Mike Carney Toyota Park
- Interactive map of Mike Carney Toyota Park
- Former names: Hugh Street Rugby Grounds
- Location: 165 Hugh St, Currajong, Townsville, Queensland
- Coordinates: 19°16′25″S 146°46′59″E﻿ / ﻿19.273675°S 146.783110°E
- Owner: Townsville and Districts Rugby Union
- Capacity: 5,000 total (2,000 seated)
- Surface: Grass

Construction
- Opened: 1979

Tenant
- Queensland Country (2014, 2018)

= Hugh Street Rugby Grounds =

Sports ground in Queensland, Australia

Hugh Street Rugby Grounds, known also as Mike Carney Toyota Park is a sports venue located in the suburb of Currajong in Townsville, Queensland, Australia. The venue is owned by the Townsville and Districts Rugby Union (TDRU) and was officially opened on 11 March 1979.

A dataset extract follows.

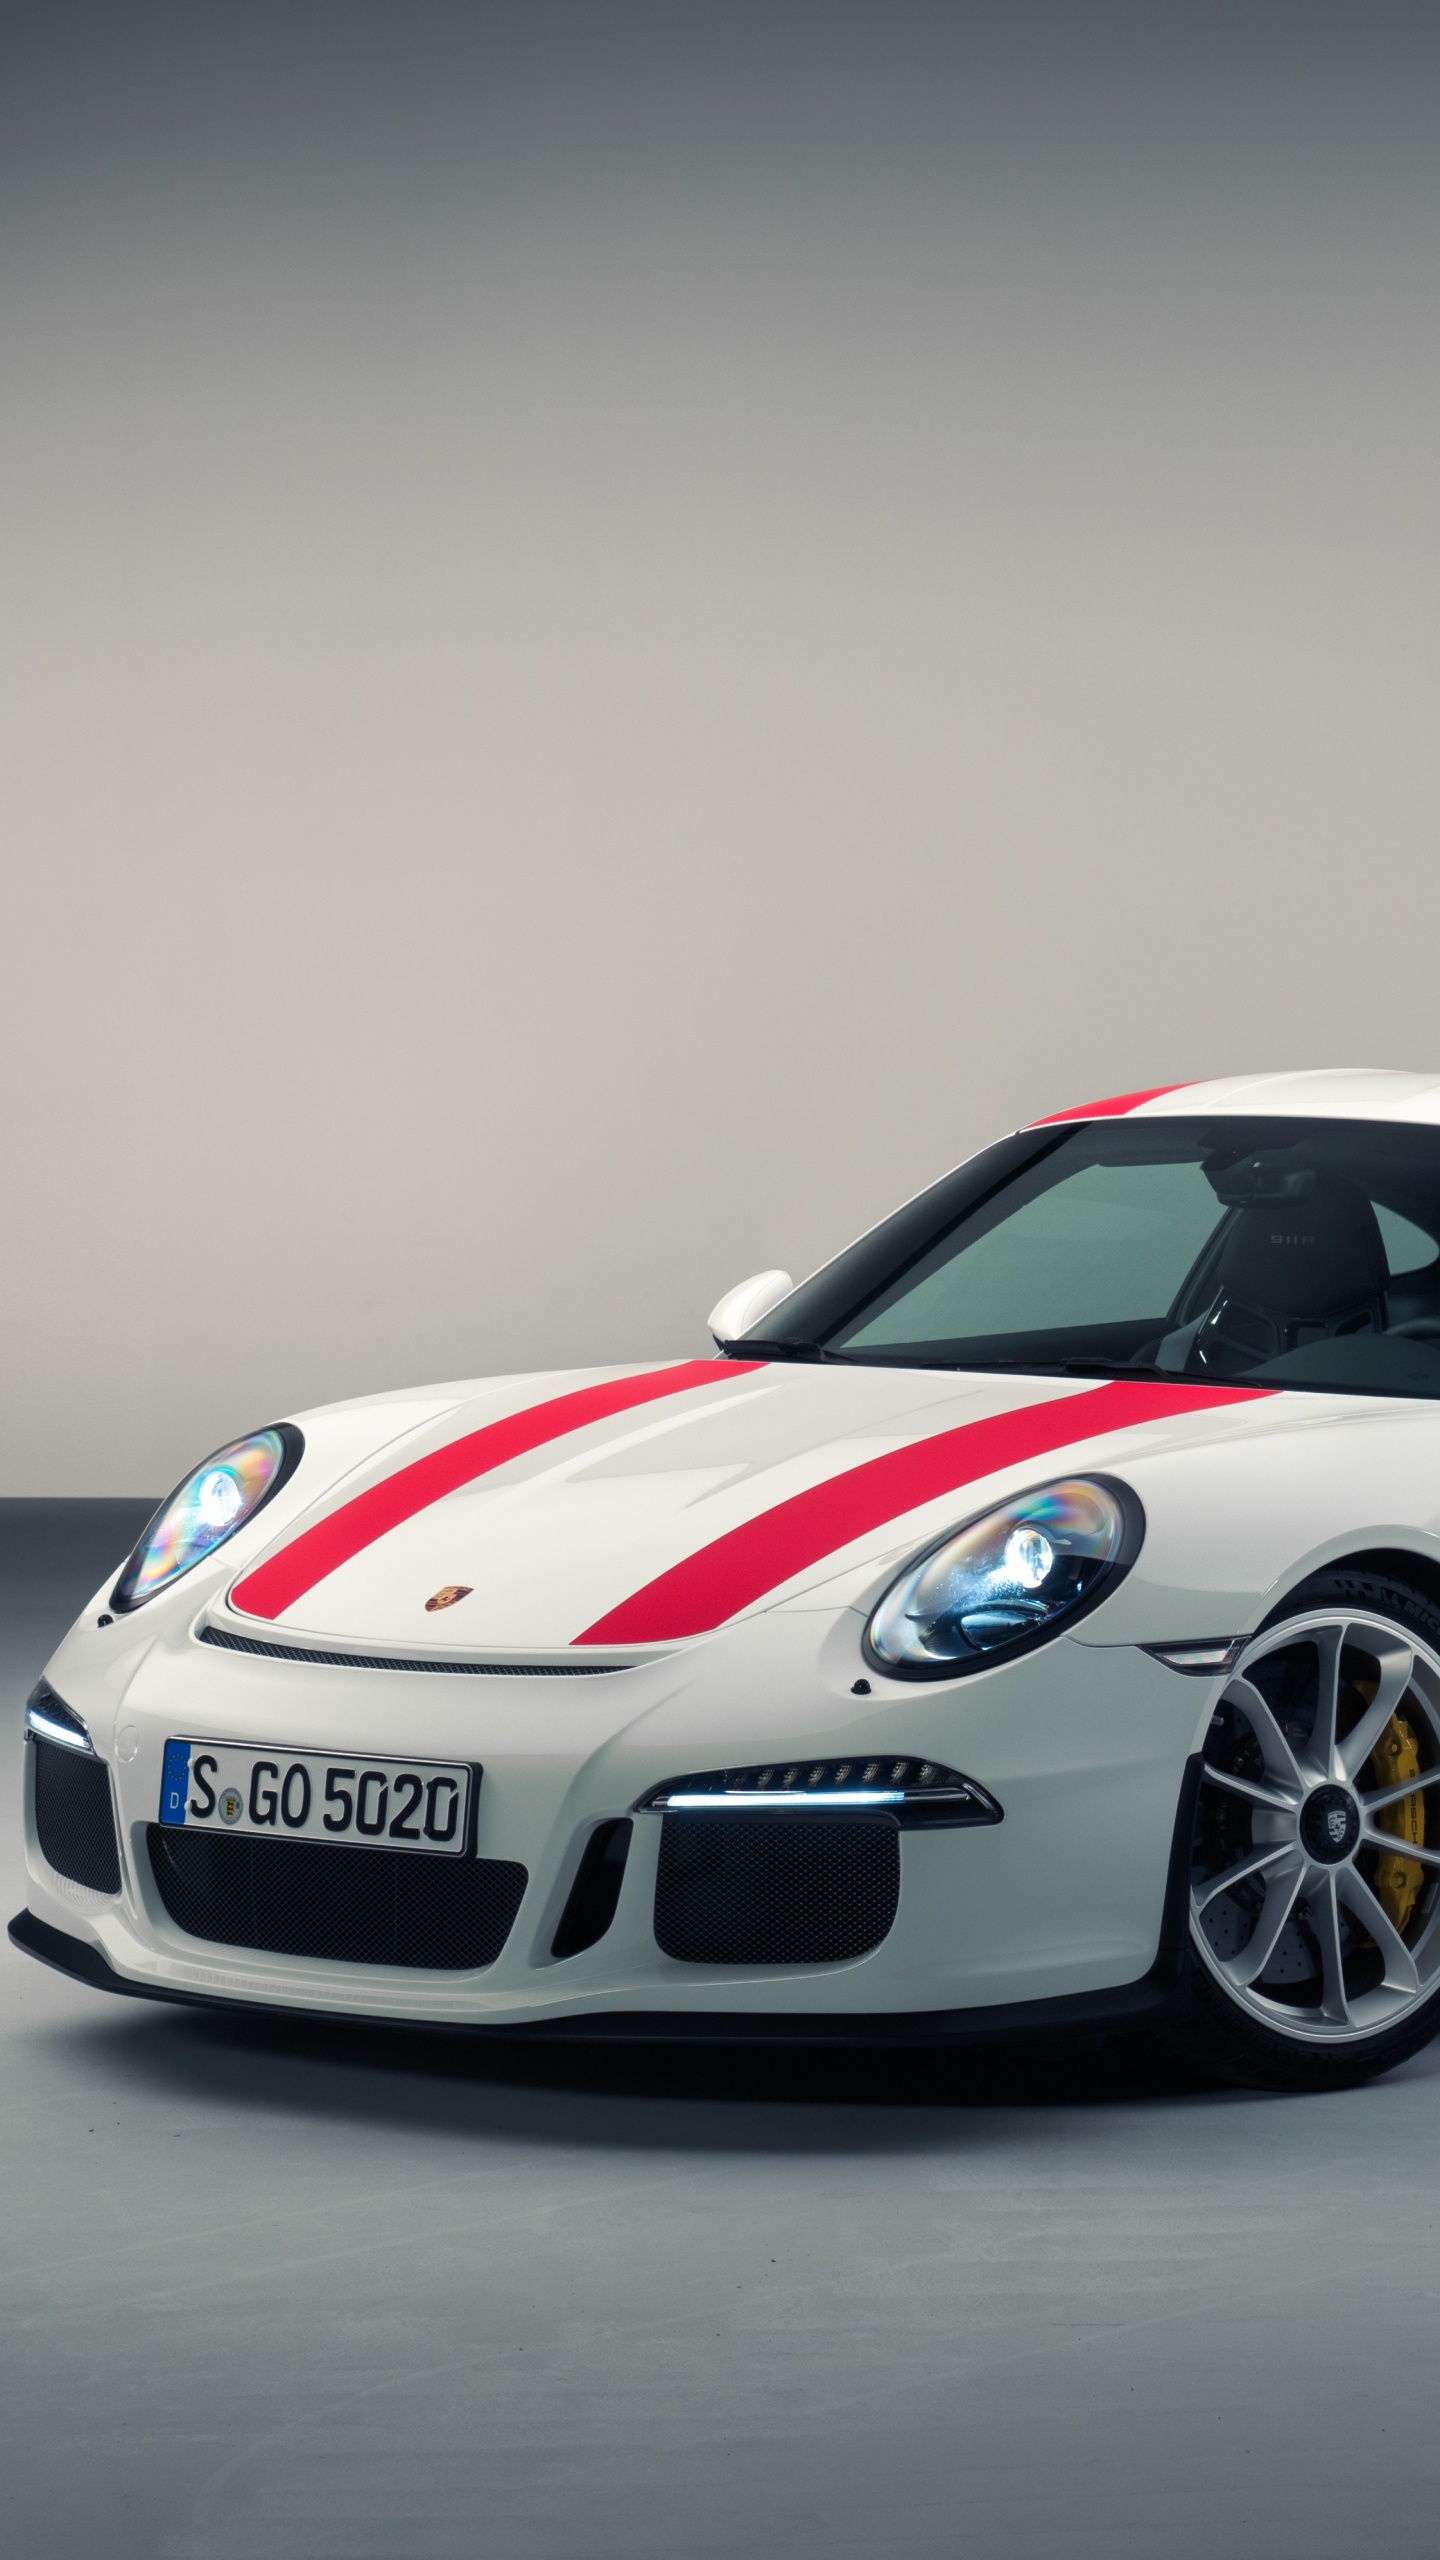 White and Red Porsche 911. Wallpaper in 1440x2560 Resolution

The main ground has lighting and a grandstand with a seating capacity of approximately 2,000. As well being used for local rugby union matches, it is also one of the home grounds for the Queensland Country team that plays in the National Rugby Championship.

A redevelopment of the site was proposed in 2014 with the possibility of the TDRU moving to a new venue.